The acid dissociation constant tells you how many molecules of a particular acid will ionize in aqueous solution. A very small `K_a` means that the vast majority of the acid molecules will not ionize, i.e. they will not lose their acidic proton.

For a generic weka acid dissociation, you have

`HA_((aq)) + H_2O_((l)) rightleftharpoons A_((aq))^(-) + H_3O_((aq))^(+)`

By definition, the acid dissociation constant is

`K_a = ([A^(-)] * [H_3O^(+)])/([HA])`

If this value is very small, then that means that the concentration of the weak acid, `HA`, is bigger than the product of the concentration of the conjugate base, `A^(-)`, and hydronium ions, `H_3O^(+)`.

So, in order to determine the weakest acid given, look for the smallest `K_a` value. In your case, the smallest `K_a` belongs to `HClO`.

`K_a = 3.8 * 10^(-8)`

The pKa is simply the negative logarithm of the acid dissociation constant.

`pKa = -log(K_a)`

In the case of hypochlorous acid, you get

`pKa = -log(3.8 * 10^(-8)) = color(green)(7.42)`

The weakest conjugate base will belong to the strongest of the acids. The strongest of these weak acids will have the greatest degree of ionization, which implies that it will have the biggest `K_a`.

In your case, the biggest `K_a` value belongs to nitrous acid, `HNO_2`. Its conjugate base is the nitrite anion, `NO_2^(-)`.

`underbrace(HNO_(2(aq)))_(color(blue)("acid")) + H_2O_((l)) rightleftharpoons underbrace(NO_(2(aq))^(-))_(color(green)("conjugate base")) + H_3O_((aq))^(+)`

In order to determine the conjugate base's `pKb`, you first need to calculate its base dissociation constant, `K_b`. The relationship between `K_a` and `K_b` for a weak acid/conjugate base pair looks like this

`K_a * K_b = K_W`, where

`K_W` - the water ionization constant, equal to `10^(-14)`

In your case, the `K_b` of the nitrite ion will be

`K_b = K_W/K_a = 10^(-14)/(4.5 * 10^(-4)) = 2.2 * 10^(-11)`

Thus, the `pKb`, which is the negative log of `K_b`, will be

`pK_b = -log(K_b) = -log(2.2 * 10^(-11)) = color(green)(10.66)`

Answer 2

`K_a`, the acid dissocation constant, is equal to `[H^+][A^-]`/`[HA]`, where `HA` is the undissociated acid and `[H^+]`, `[A^-]` are the conc. of hydrogen ion and the conjugate base `A^-`. It follows that the strongest acid is the one with the highest value of `K_a`, and the weakest acid is the one with lowest such value.
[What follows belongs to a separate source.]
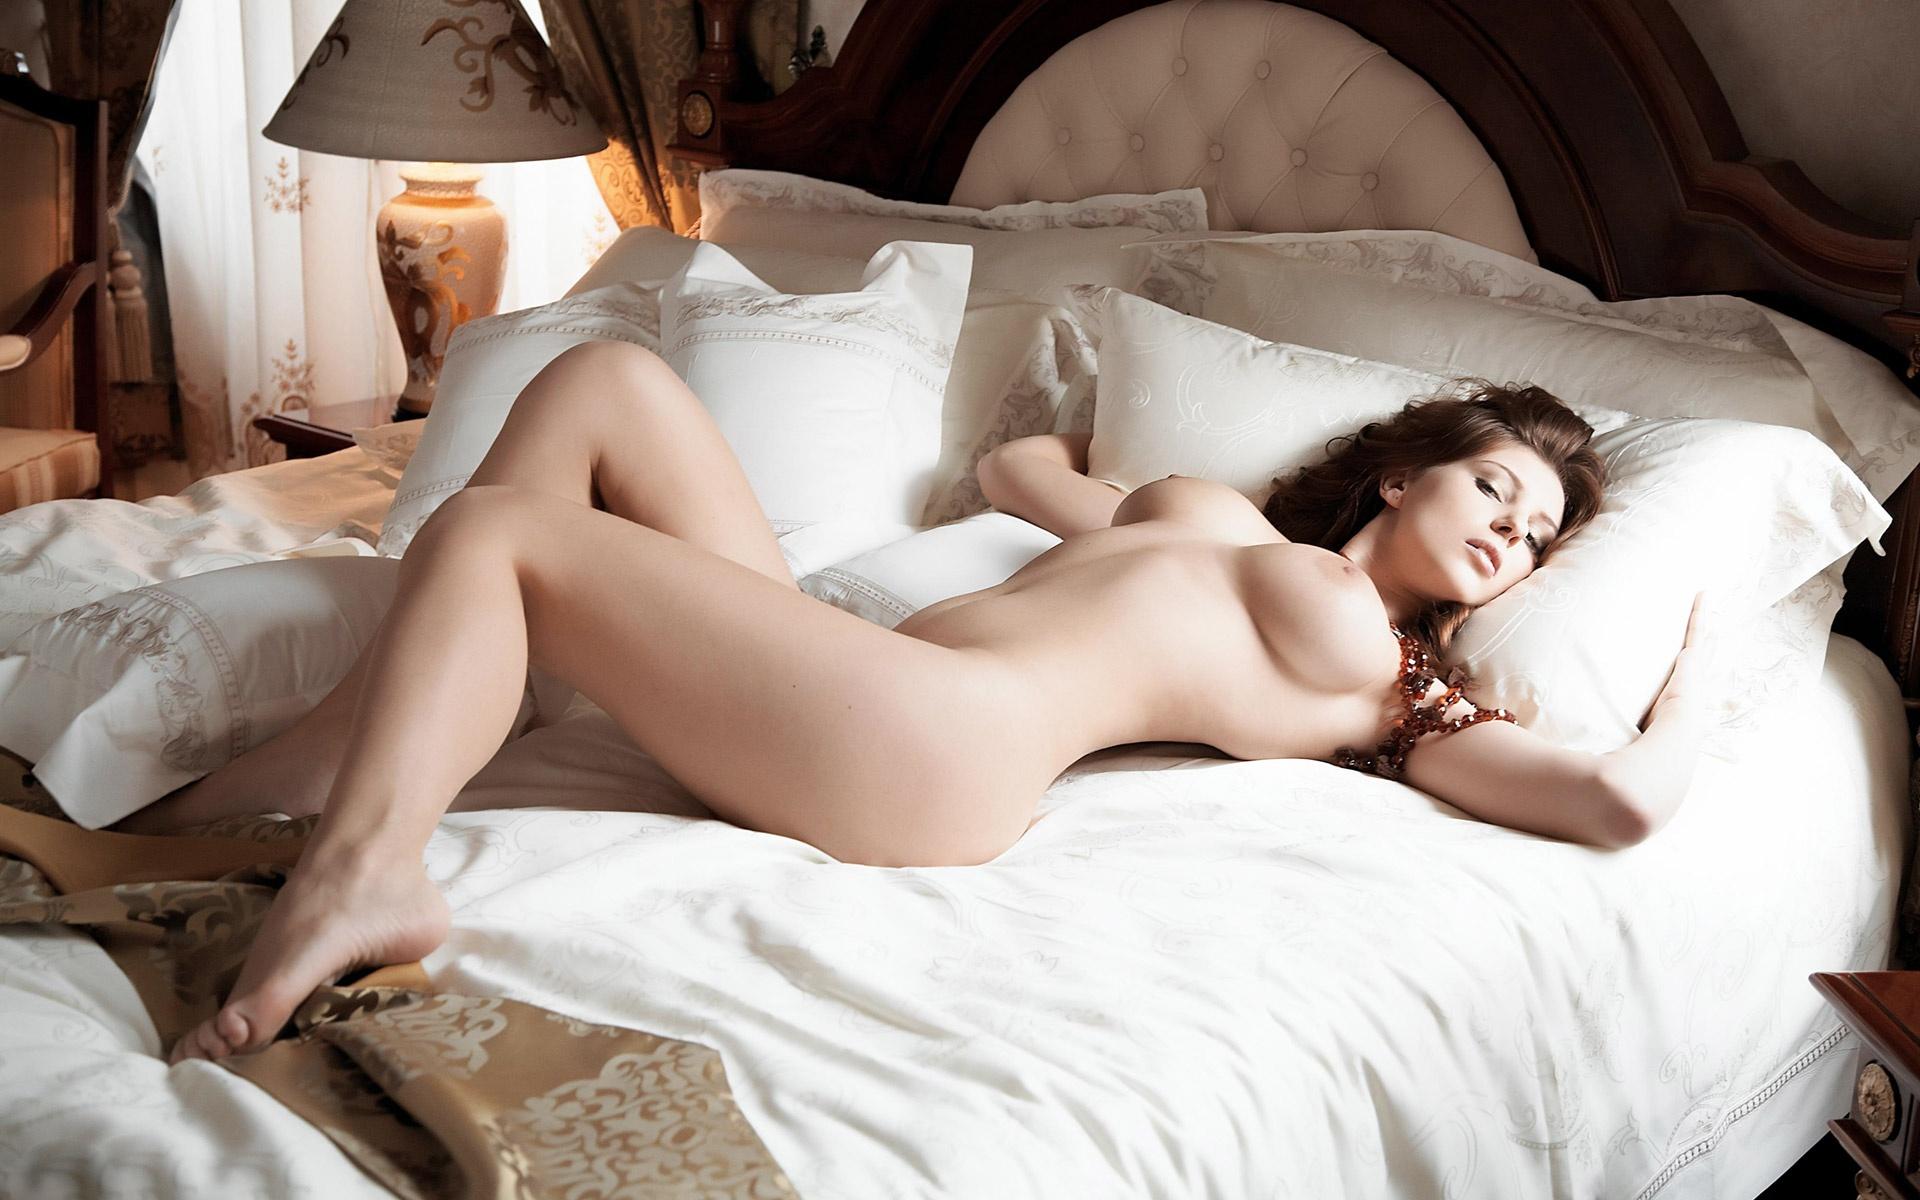 Nude old men porn

a. The weakest acid is therefore quite clearly `HClO`, hypochlorous acid, the acid with the lowest acid dissociation constant, and its p`K_a` = `-` `log_10` `K_a`. I haven't a calculator to hand and I am sure I can't find the function on this wretched computer.

b. The weakest conjugate base is clearly the counterion of the strongest acid. Because `HNO_2` is the strongest acid, this means that its counjugate base, `NO_2^-`, competes poorly for the proton (and is by definition weakly basic). Now, given that p`K_a` + p`K_b` = 14, all I have to do is calculate the sum 14 `-` `log_10` `K_a` to give p`K_b`.

If you need clarification or if I've made an error let me know.